ヘイ・ジュード 涙があなたをどう変えたの
目がヒリヒリ 涙があなたを冷えさせる
私があなたに贈れるものは少ないけど
あなたは私たちに歌ってくれる
いつもあなたと共にある歌を

ヘイ・ジュード あなたは知っている
口がヒリヒリする 石をかむような辛さを
あなたの口から きれいに聞こえる歌は
不幸の裏にある<真実>を教えてくれる

ねぇジュード あなたの人生を信じて
人生は私たちに傷と痛みを与える
時として 傷口に塩をぬり込み
棒が折れるほど叩いて
人生を操るけど 悲しまないで
 ブログ「もう一つのヘイ・ジュード(Hey Jude)/ビーバップ!ハイヒール」から 

 テレビ画面に映るプラハのバーツラフ広場を見ながら思いだしたことがある。国際会議のあいまに若い研究者や大学院生5、6人とバーツラフ広場をぶらぶらと歩いたとき、この広場をソ連軍の戦車が蹂躙した「プラハの春」の話をしたのだった。
 若い人には遠いことでも、1968年に22歳だった私には「プラハの春」は切実だったのである。1956年の「ハンガリー動乱」などとともにマルクス主義や共産主義国家について深刻に考え込まざるをえないような事件だった。
 バーツラフ広場を歩いてから4、5年後、大学院生から研究者になっていた一人が、私が話した「プラハの春」のことをずっと覚えていると語っていて、少し嬉しかったことも思い出した。
 そして、「もうひとつのヘイ・ジュード」を見た頃にちょうど読みかけていたのは、アルチュセールの『マルクスのために』 [1] のなかの「マルクス主義とヒューマニズム」という章だった。1968年以前に書かれたものだが、今になってみれば、じつに脳天気な共産主義国家ソ連についての言で、どんなふうに言葉を継いでいいのか分からなくなってしまう。

……この〔社会主義ヒューマニズムの〕願いにもとづいてわれわれは、暗闇から光明へ、非人間的なものから人間的なものへ移りつつある。現にソ連邦が入っている共産主義は、経済的な搾取のない、暴力のない、差別のない世界であり、――ソ連邦の人びとに、進歩、科学、文化、食料と自由、自由な発展、こうしたものの洋々たる前途をきり開く世界であり――暗闇もなく、葛藤もなくなるような世界である。 (p. 423)
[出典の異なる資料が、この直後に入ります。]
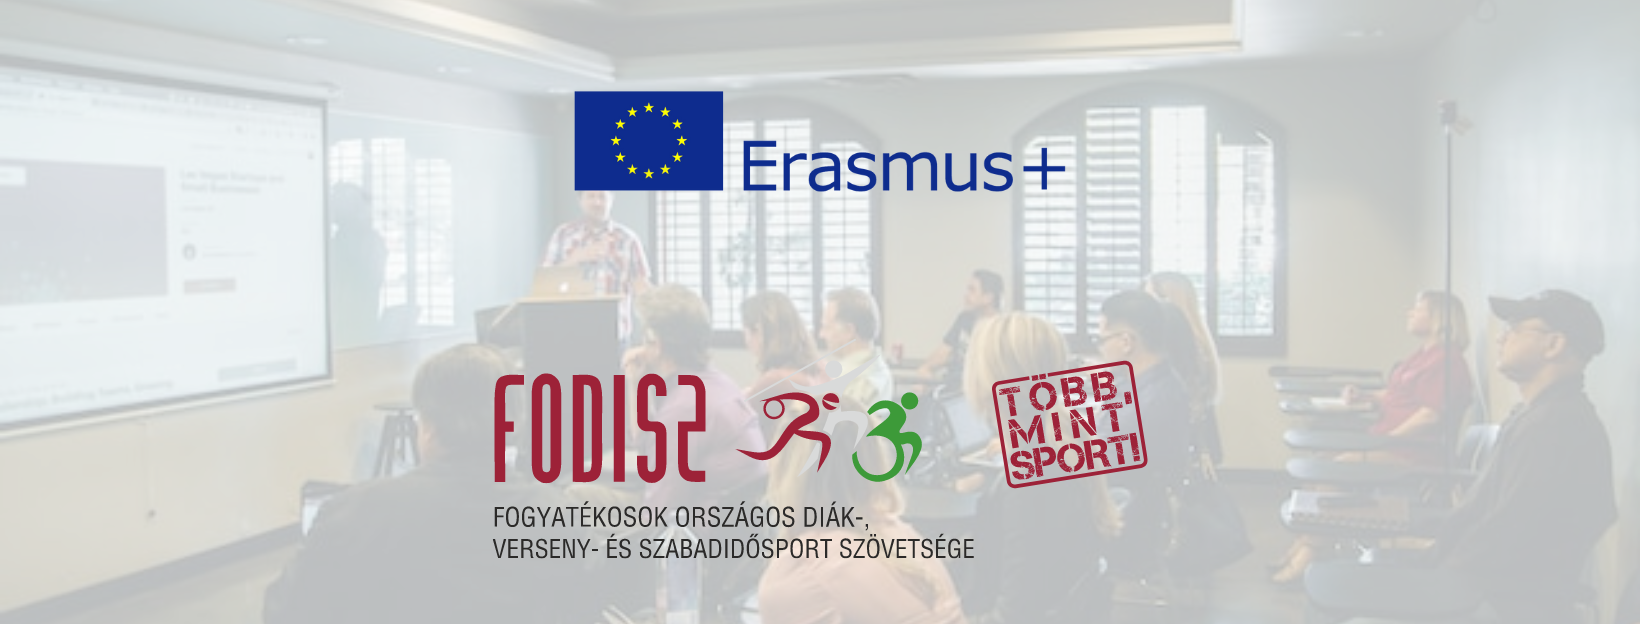 Lezajlott a FODISZ és az Erasmus+ nemzetközi tréningje
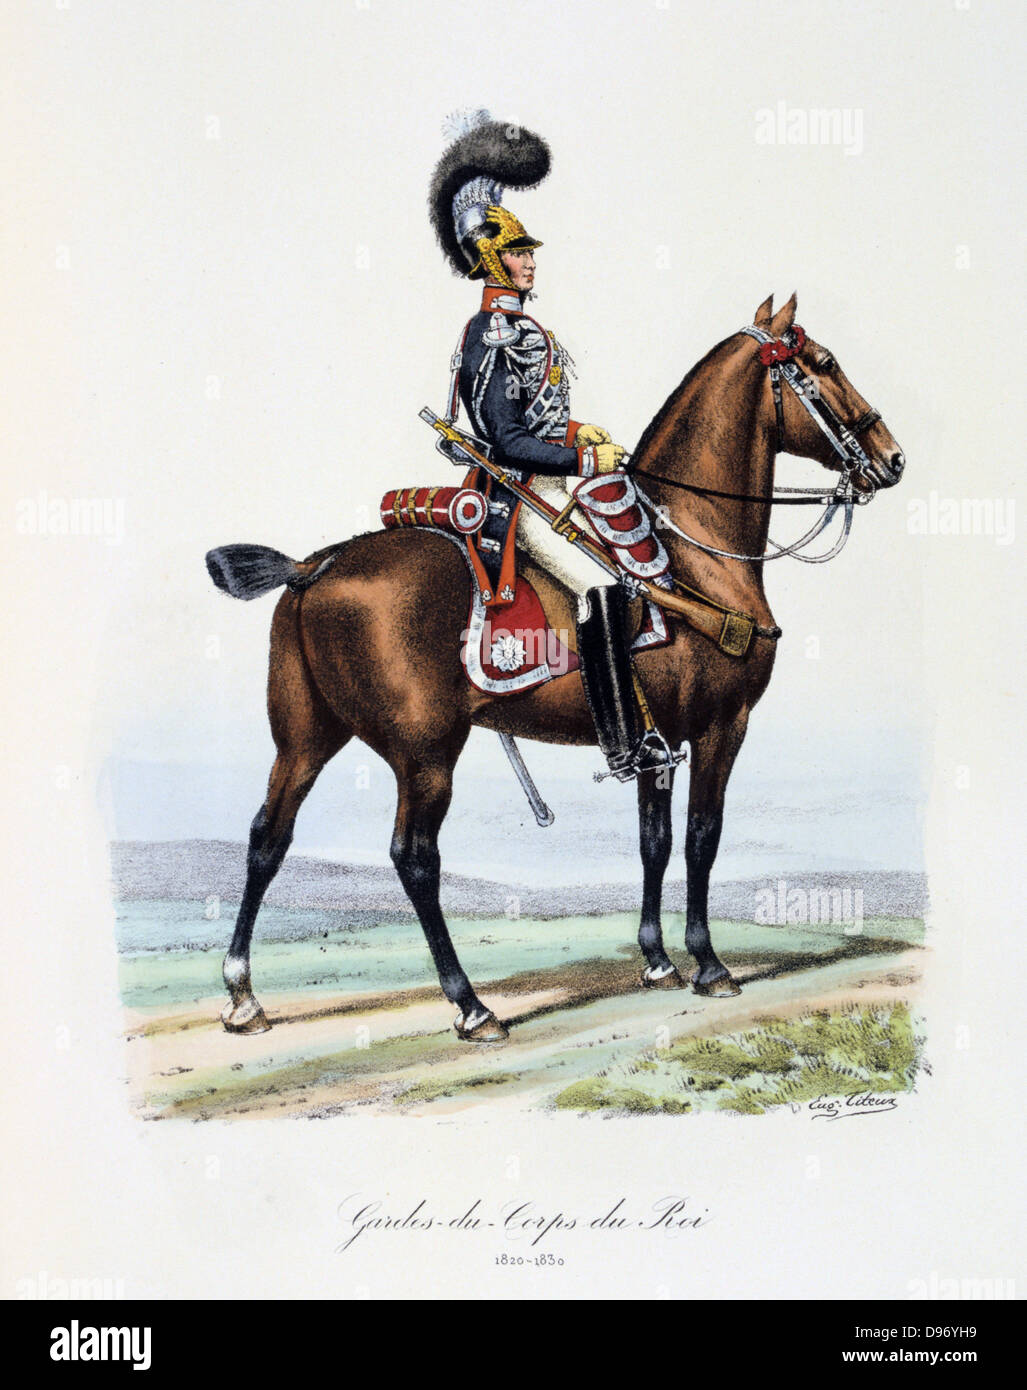 Mounted member of the King's guard, 1820-1830. From 'Histoire de la maison militaire du Roi de 1814 a 1830' by Eugene Titeux, Paris, 1890. Stock Photo

 [1] ルイ・アルチュセール(河野健二・田村淑・西川長夫訳)『マルクスのために』(平凡社、1994年)〔旧『甦るマルクスI・II』(人文書院、1968年)〕。


2015年1月23日

 今朝の毎日新聞のニュースに「柏崎刈羽原発:東電常務「避難計画不十分なら再稼働無理」という見出しの記事があった。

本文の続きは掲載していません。